Unchanged benchmarks are omitted.

Collection libraries

Measure different collection libraries written in both Motoko and Rust.
The library names with _rs suffix are written in Rust; the rest are written in Motoko.
The _stable and _stable_rs suffix represents that the library directly writes the state to stable memory using Region in Motoko and ic-stable-stuctures in Rust.

We use the same random number generator with fixed seed to ensure that all collections contain
the same elements, and the queries are exactly the same. Below we explain the measurements of each column in the table:

generate 1m. Insert 1m Nat64 integers into the collection. For Motoko collections, it usually triggers the GC; the rest of the column are not likely to trigger GC.
max mem. For Motoko, it reports rts_max_heap_size after generate call; For Rust, it reports the Wasm's memory page * 64Kb; For stable benchmarks, it reports the region size of the stable memory storing the map.
batch_get 50. Find 50 elements from the collection.
batch_put 50. Insert 50 elements to the collection.
batch_remove 50. Remove 50 elements from the collection.
upgrade. Upgrade the canister with the same Wasm module. For non-stable benchmarks, the map state is persisted by serializing and deserializing states into stable memory. For stable benchmarks, the upgrade only needs to initialize the metadata, as the state is already in the stable memory.

💎 Takeaways

The platform only charges for instruction count. Data structures which make use of caching and locality have no impact on the cost.
We have a limit on the maximal cycles per round. This means asymptotic behavior doesn't matter much. We care more about the performance up to a fixed N. In the extreme cases, you may see an $O(10000 n\log n)$ algorithm hitting the limit, while an $O(n^2)$ algorithm runs just fine.
Amortized algorithms/GC may need to be more eager to avoid hitting the cycle limit on a particular round.
Rust costs more cycles to process complicated Candid data, but it is more efficient in performing core computations.

Note

The Candid interface of the benchmark is minimal, therefore the serialization cost is negligible in this measurement.
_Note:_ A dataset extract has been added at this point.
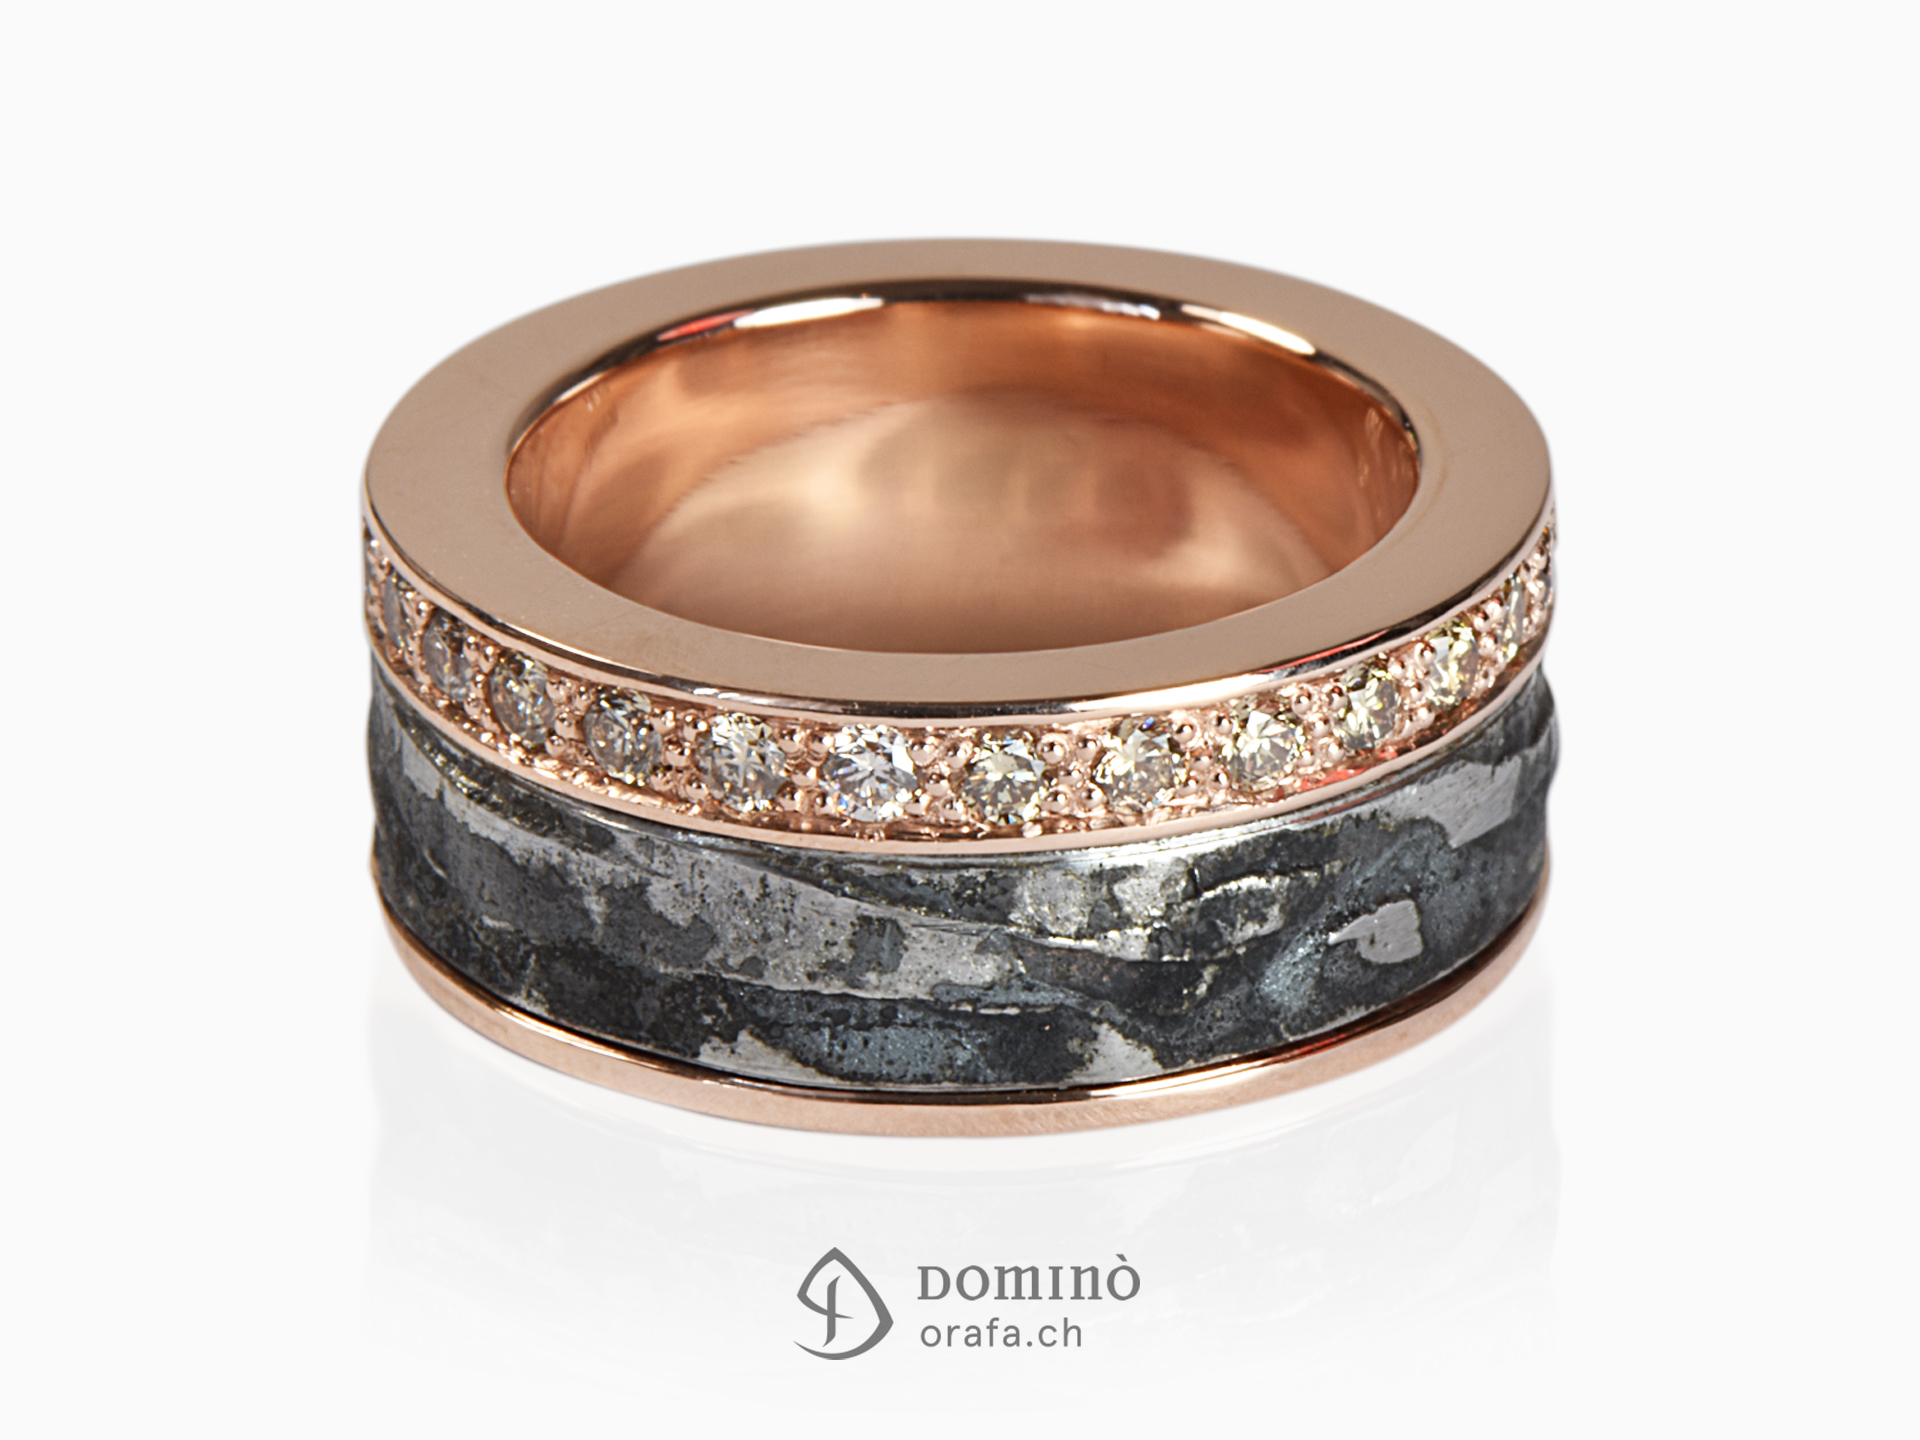 Ferro Prezioso ring and brown diamond
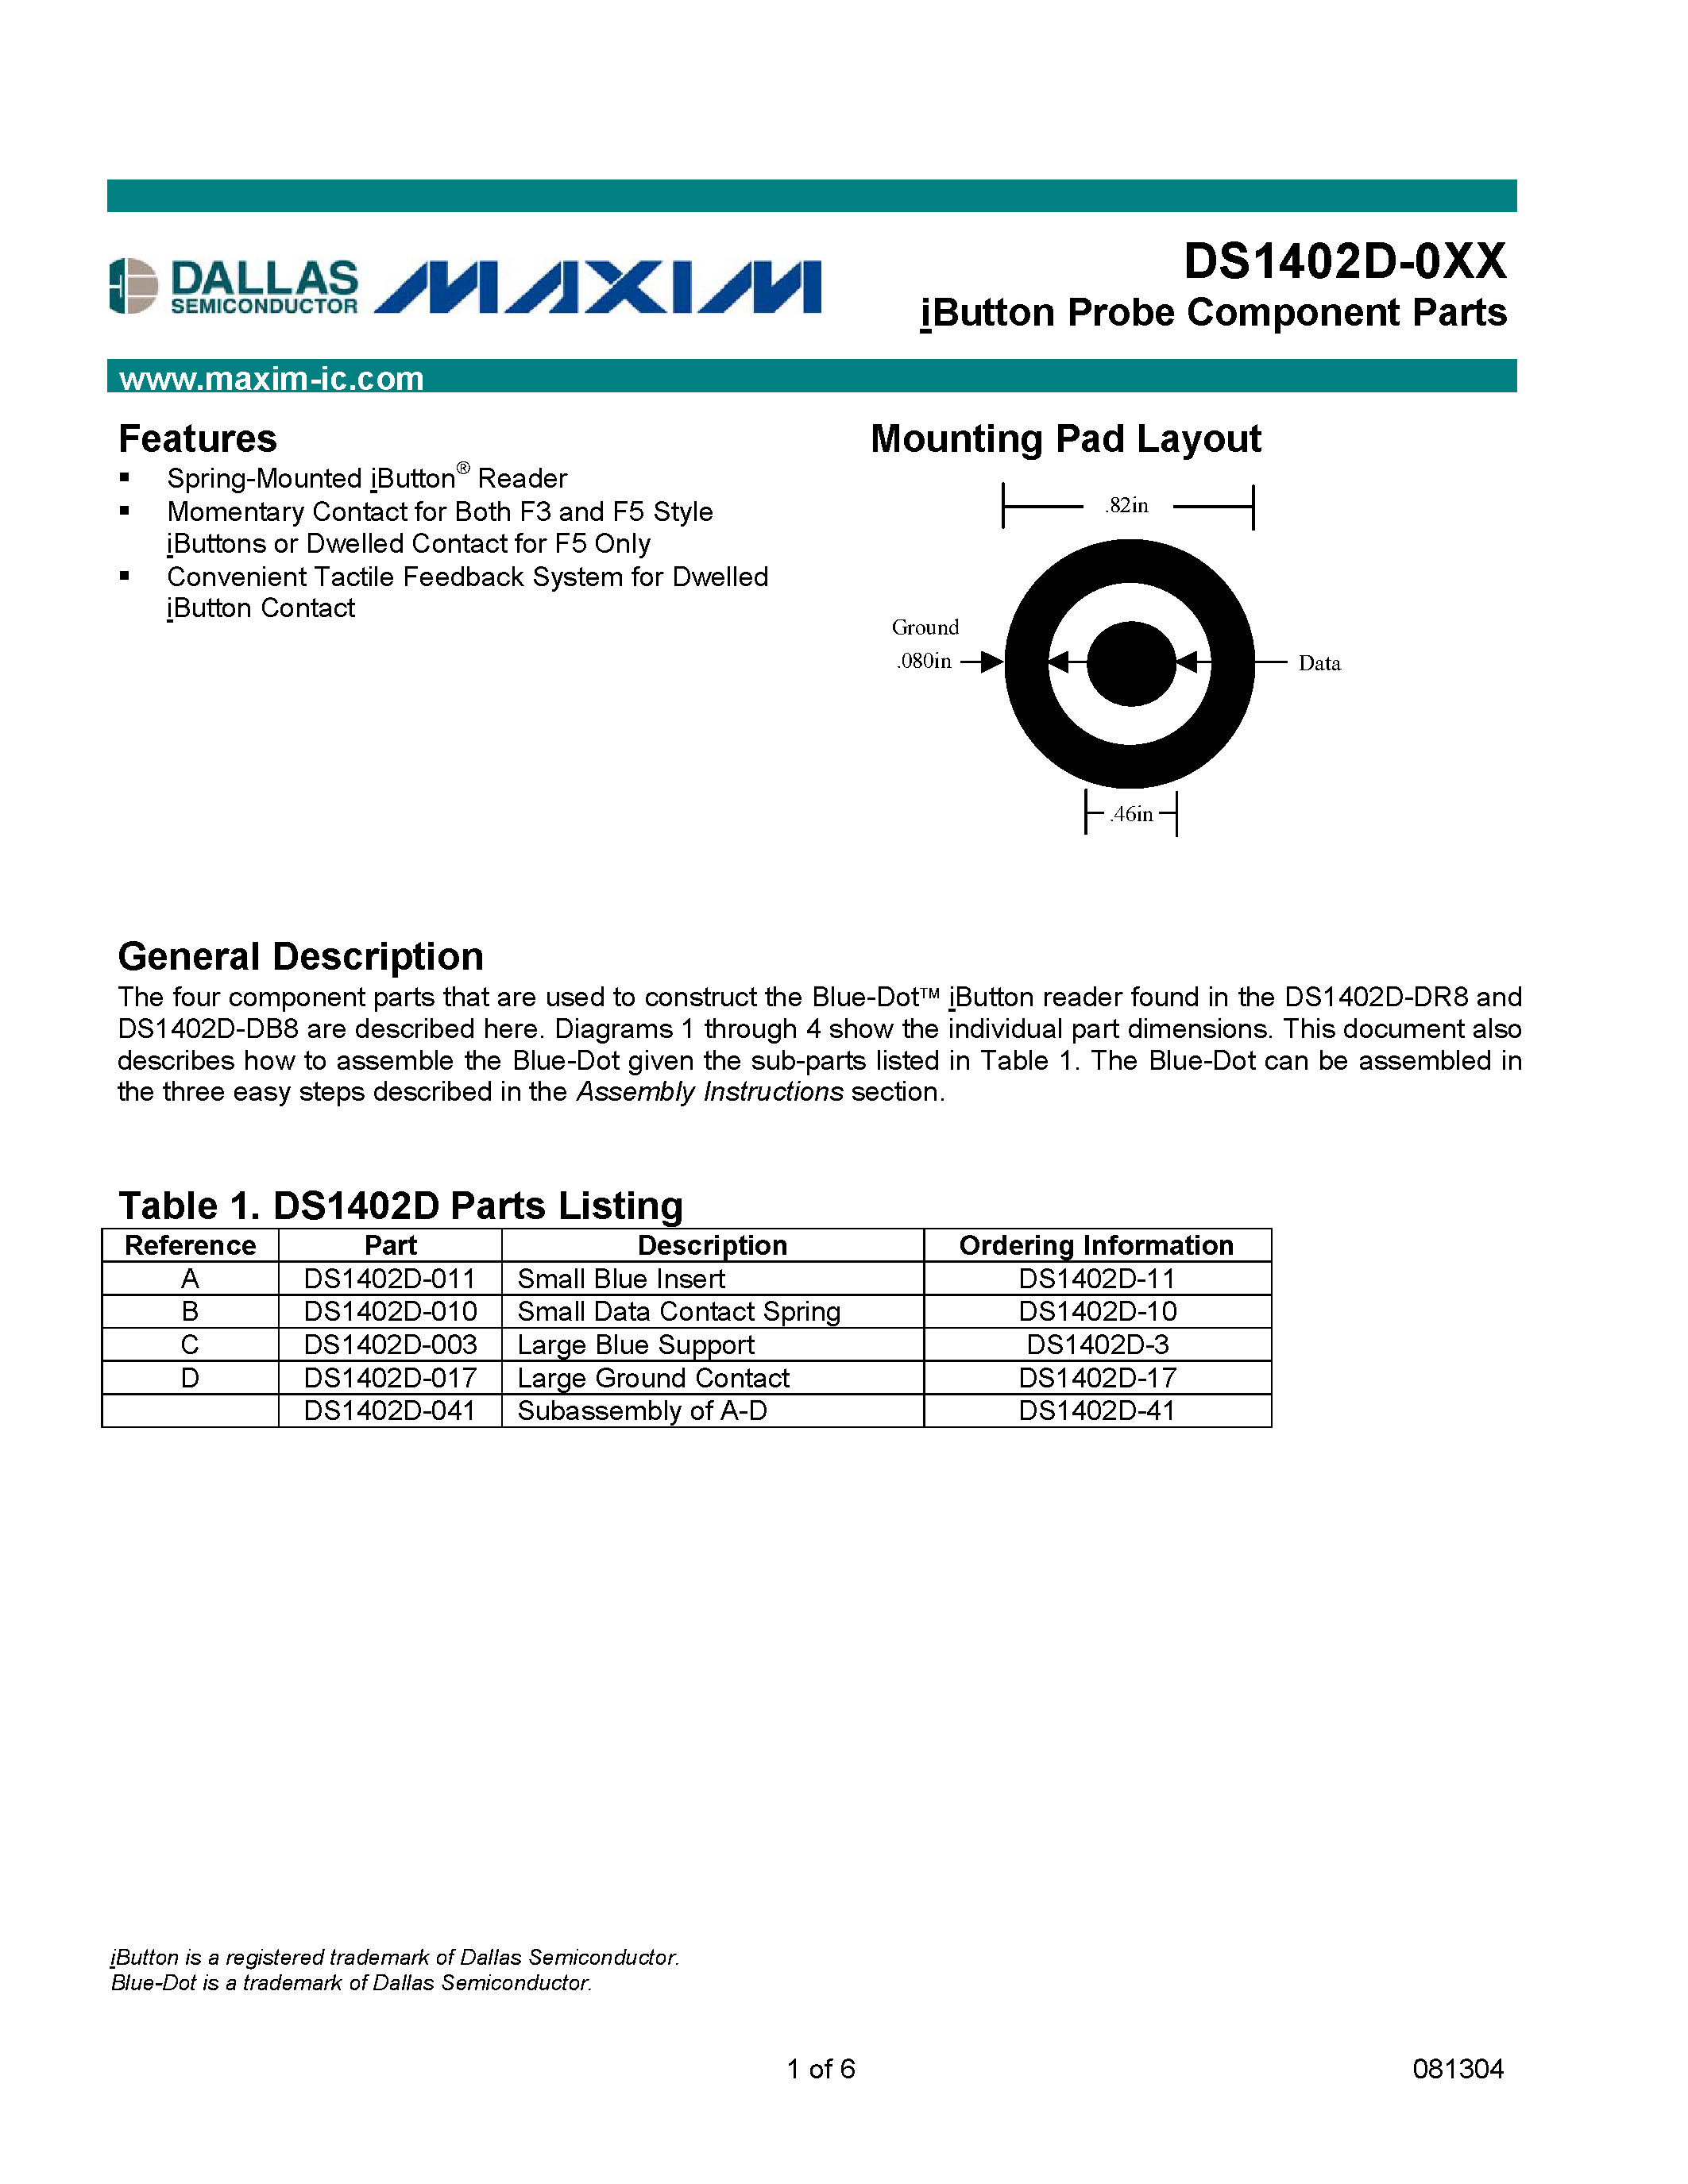 Даташит DS1402D-10 - iButton Probe Component Parts страница 1

Due to the instrumentation overhead and cycle limit, we cannot profile computations with very large collections.

The upgrade column uses Candid for serializing stable data. In Rust, you may get better cycle cost by using a different serialization format. Another slowdown in Rust is that ic-stable-structures tends to be slower than the region memory in Motoko.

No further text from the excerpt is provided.